Kevin - your checkered handle with the Danish oil looks great!
I picked up a cheap file at the hardware store and I've been practicing checkering when I get the chance on scrap wood, but I'm not happy with my results yet. I've gotta say, my hats off to you, Sir! This is slow and difficult work, and now I can see how much time and effort goes into this! Let's just say that for now, I'll be sticking to the scrap wood ;)
 
Last edited:
Thank you jwren, but I do hope you get the result you were hoping for. If I can do it you can do it :)

Kevin
 
Well I've taken my nice Olive burl #6 blade to some sand paper, first on some 40 micro and then onto some very fine 9 micron paper, wanted to smooth out the grind lines from the grinders on the forming of the blade. I figured this will provide a smoother cut through material. While the high polished blades on the ebony ones are cool, I find the drag marks from the polishing compound to be somewhat not as cool, those around the embossed Opinel logo.
Doing it this way there are no extending marks from those embossings, just a nice smooth finish, I'll try to photograph it when I'm finally done but wanted to pass along that bit of work on the knife.

I'll be staying away from any motorized form of polishing/sanding as that can generate too much heat too quickly in such a thin blade!

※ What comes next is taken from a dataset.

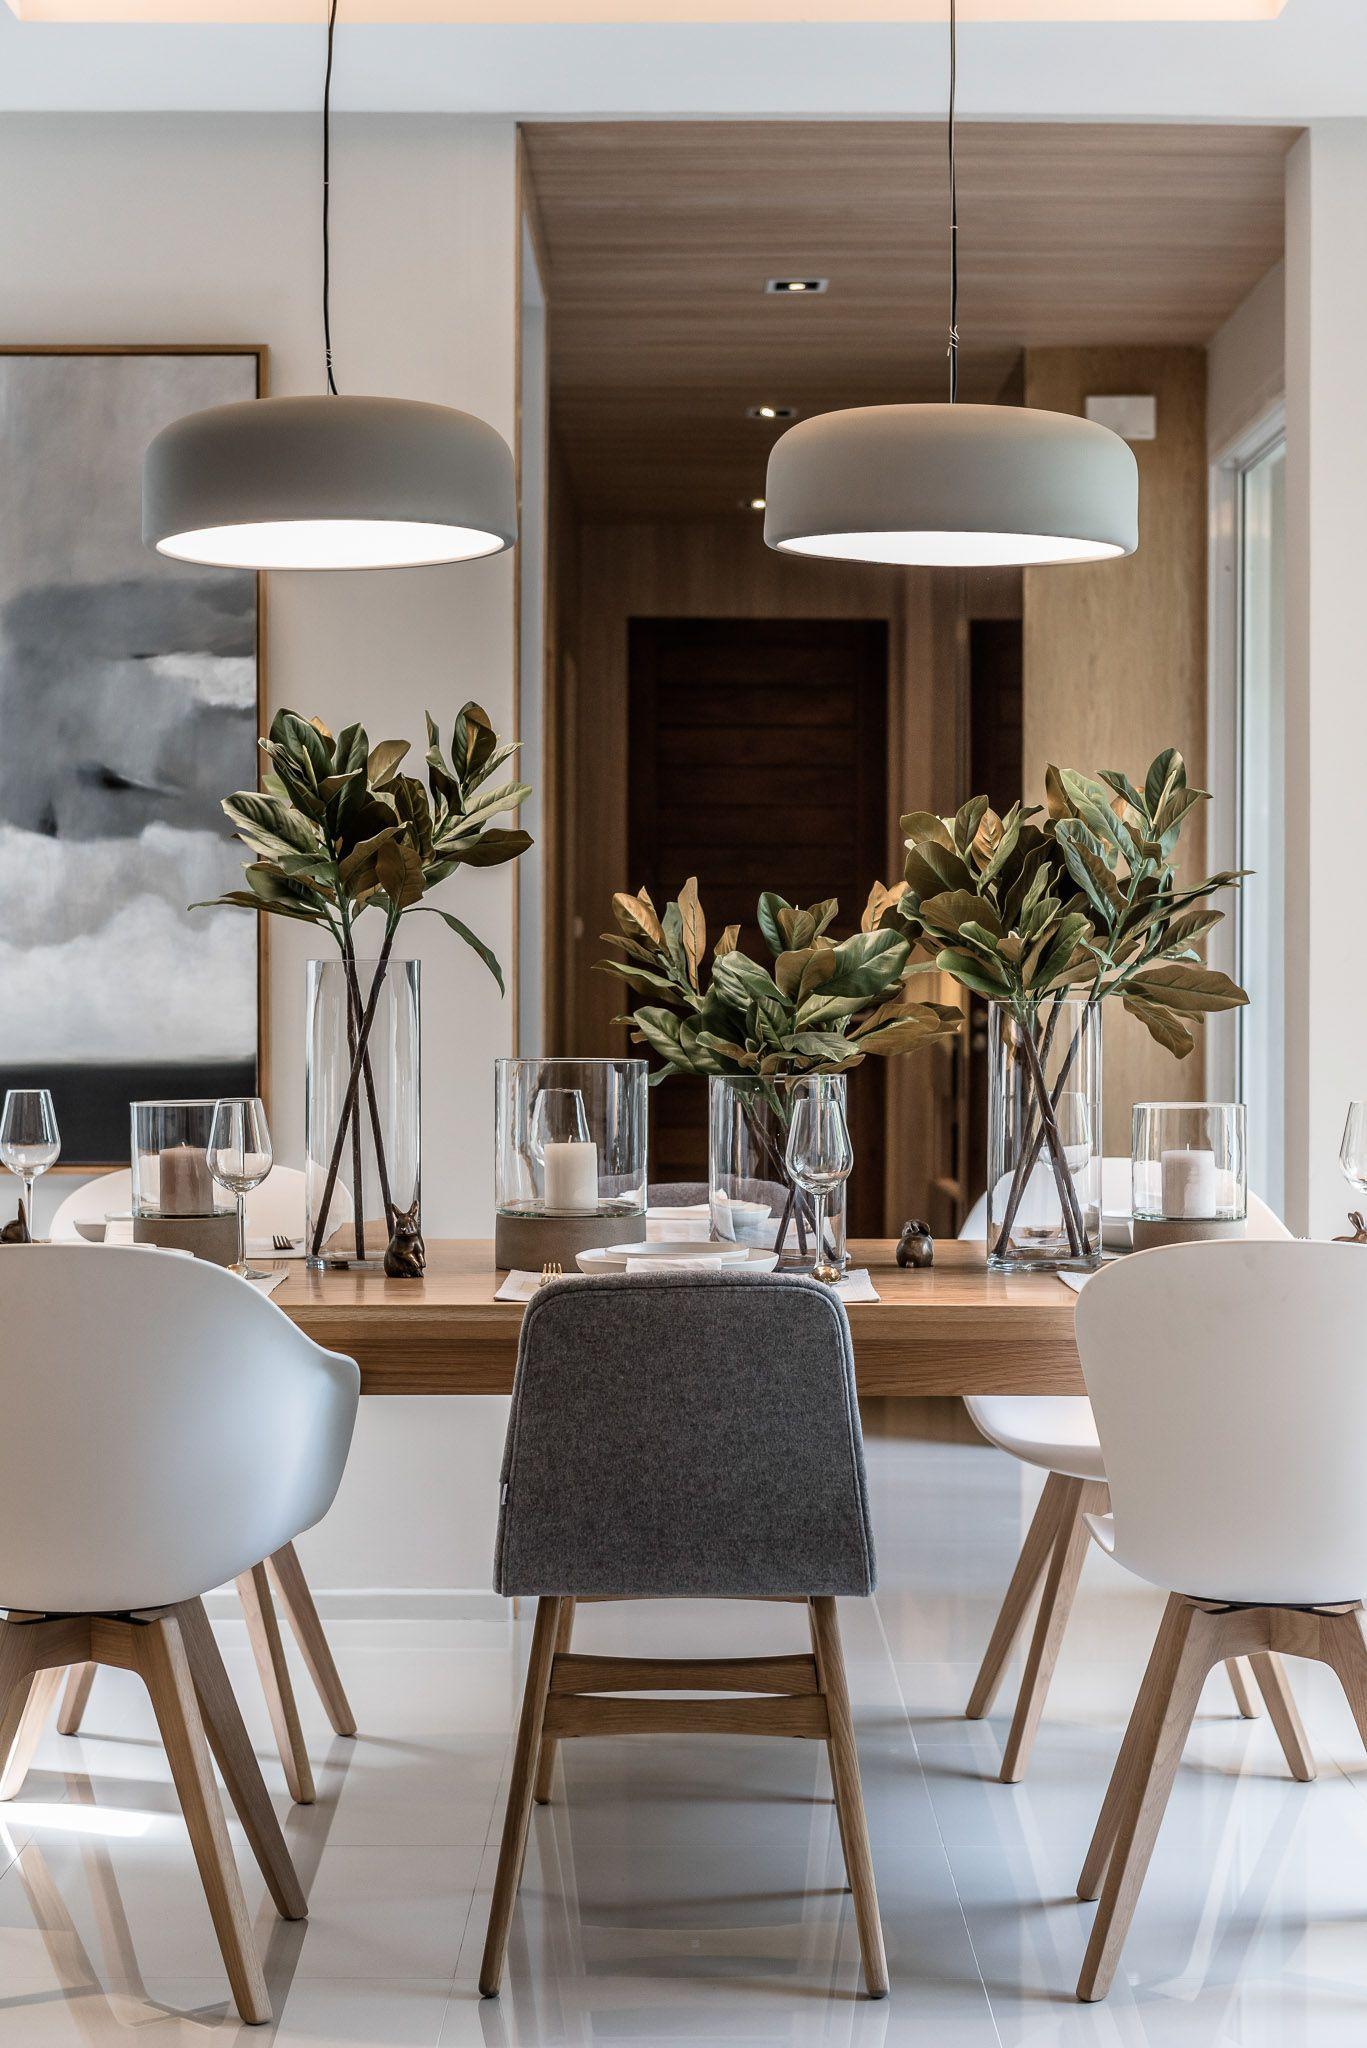 Lighting Stores Lighting Designs You Ll Love For Your Home Interior Design Www Lig Scandinavian Dining Room Dining Room Inspiration Living Room Scandinavian

I lay the sand paper on the table and lay the knife flat onto the paper and drag it down in one direction for a while and then flip the knife and do the other side.
G2

well it's not a super clean job but it certainly feels smoother ;) I was going to try and photo the difference but that wouldn't show as well as I'd hoped, so suffice to say, it's smoother cutting through material, probably not a measureable type of thing, more of a fuzzy warm feeling that you did something that should make a difference :)
 
Last edited:
The Opinel 12 saw I own weighs in at 3.67 ounces on the 200g Scout Pro scale. Pete asked me to let him know what I think of this saw and I figured I would share some initial thoughts with all.

Here is a first run test
(snip...)
I have used the saw on my Leatherman supertool for so many years. My grandfather gave me this one when I was a kid. This saw has cut so much wood, stag and anything else I needed when I just didn't feel like getting something bigger or better out. For me, the supertool on my belt will probably keep the opinel out of my pocket. The leatherman will quickly out cut the opinel.

Kevin,

Thanks for posting this. I got a Silky hand saw, that cuts like a laser through butter btw, but was curious about the Opinel as a possible lighter alternative. You've saved me an experiment I shouldn't afford.